На соседнее кресло с каким-то костяным стуком упала объемистая дама лет пятидесяти с лишним – скорее даже ближе к шестидесяти – с огромной колышашейся грудью, горбоносая, с вывороченными в ярко-фиолетовой помаде, губами, одетая по-цыгански попугаисто: пестрая кофта, на ней другая – тоже пестрая, и в довершении дальтоническая шаль, устроенная, как перевязь шпаги, – перекинута через правое плечо, а завязана узлом под левой подмышкой. Пышные смоляные волосы были перехвачены надо лбом красной с зеленым банданой. И Наташа подумала так вот они какие, мексиканки.

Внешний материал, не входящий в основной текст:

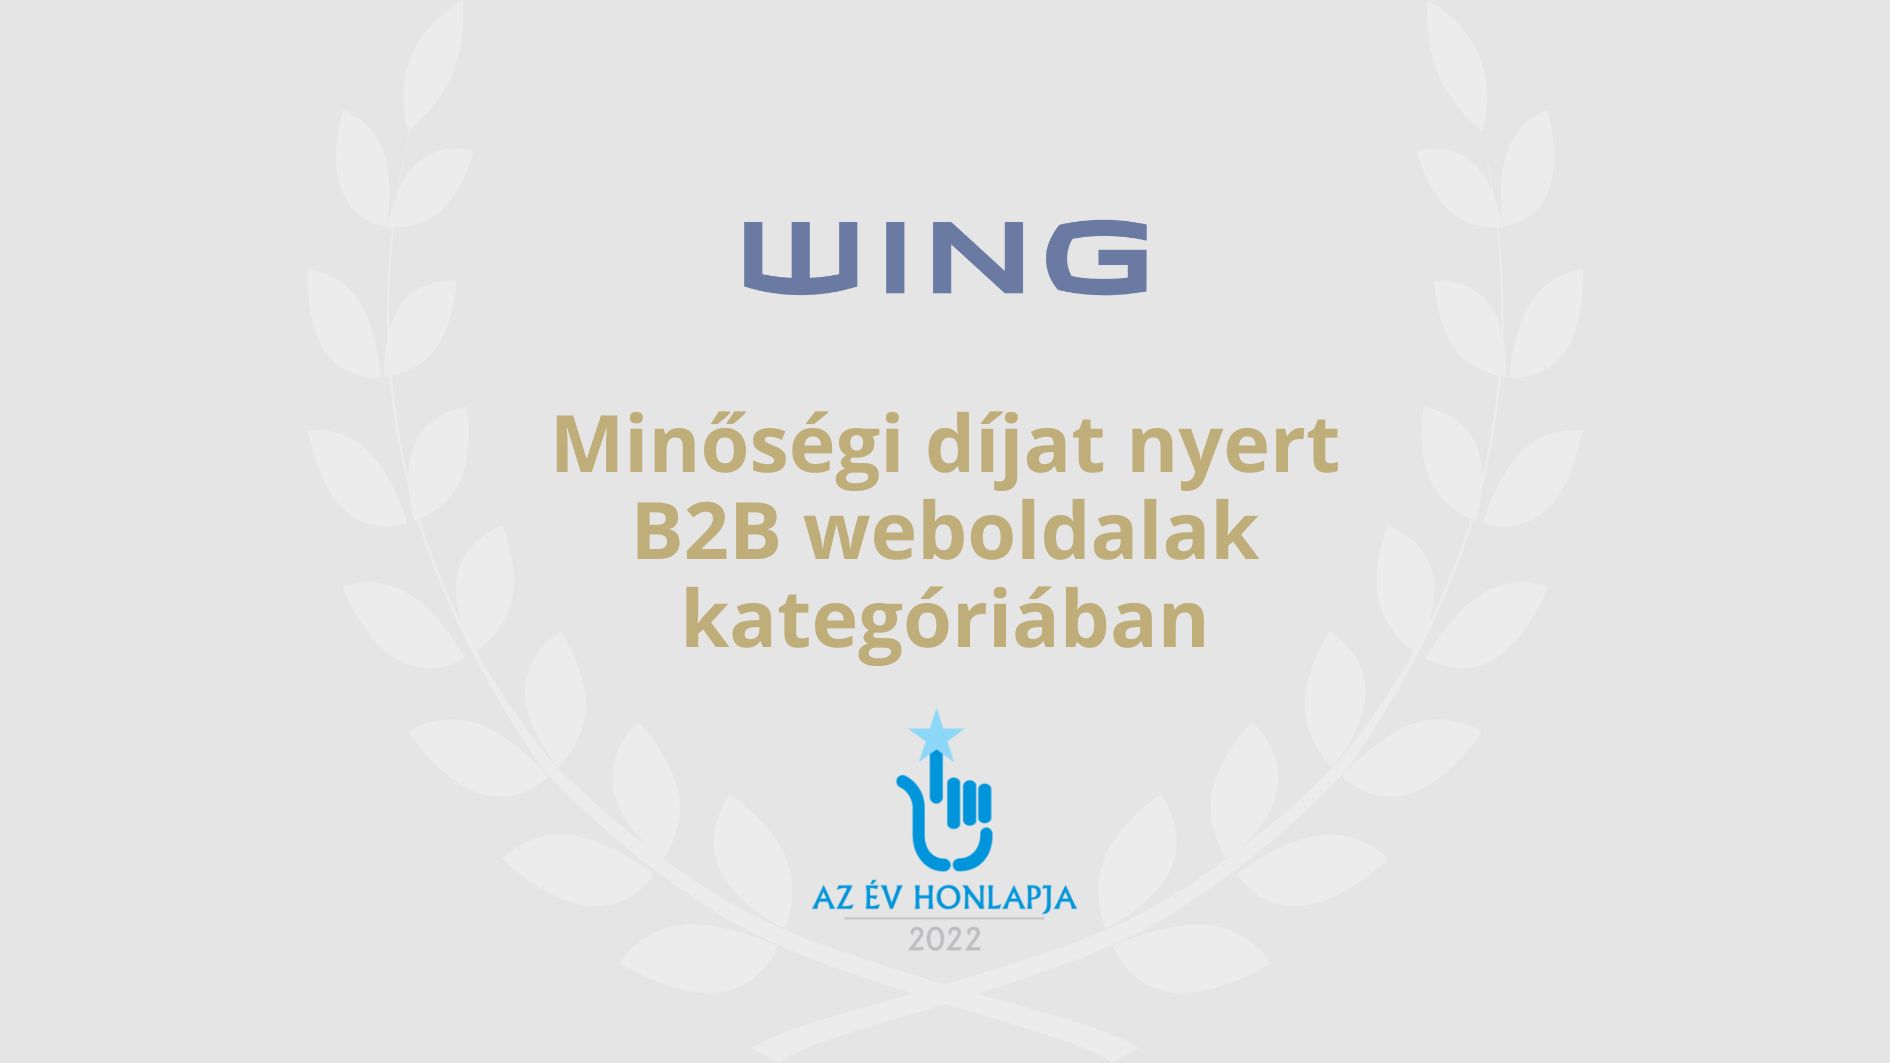 A WING az Év Honlapja Pályázaton Minőségi díjat nyert B2B kategóriában

Зажглись табло, включили магнитофоннную пленку, на которой стюардесса гнусавым голосом зачитала информацию по-русски и по-английски, а ее партнер – по-испански. Моторы уже гудели, лайнер дернулся и покатил по полю. Наташа отвинтила крышечку фляжки, глотнула виски, хотела предложить соседке, но постеснялась: та лежала в кресле, откинувшись и закрыв глаза, как мертвая. Наташа стала читать статью про ушедшего мужа. Суть статьи сводилась к тому, как повезло той несчастной, которую бросили, и от скольких напастей она разом избавилась: далее шло перечисление всех неудобств, исходящих от мужей. Наташу резанула неприязнь авторши к мужчинам, почти ненависть, и ей стало их жалко. И еще она подумала, что, не дай Бог, есть на свете и подобные этой авторше мужчины, которые могут так же мелочно и злорадно пересчитать все неудобства и неприятности, что вносит в мужскую жизнь постоянная спутница.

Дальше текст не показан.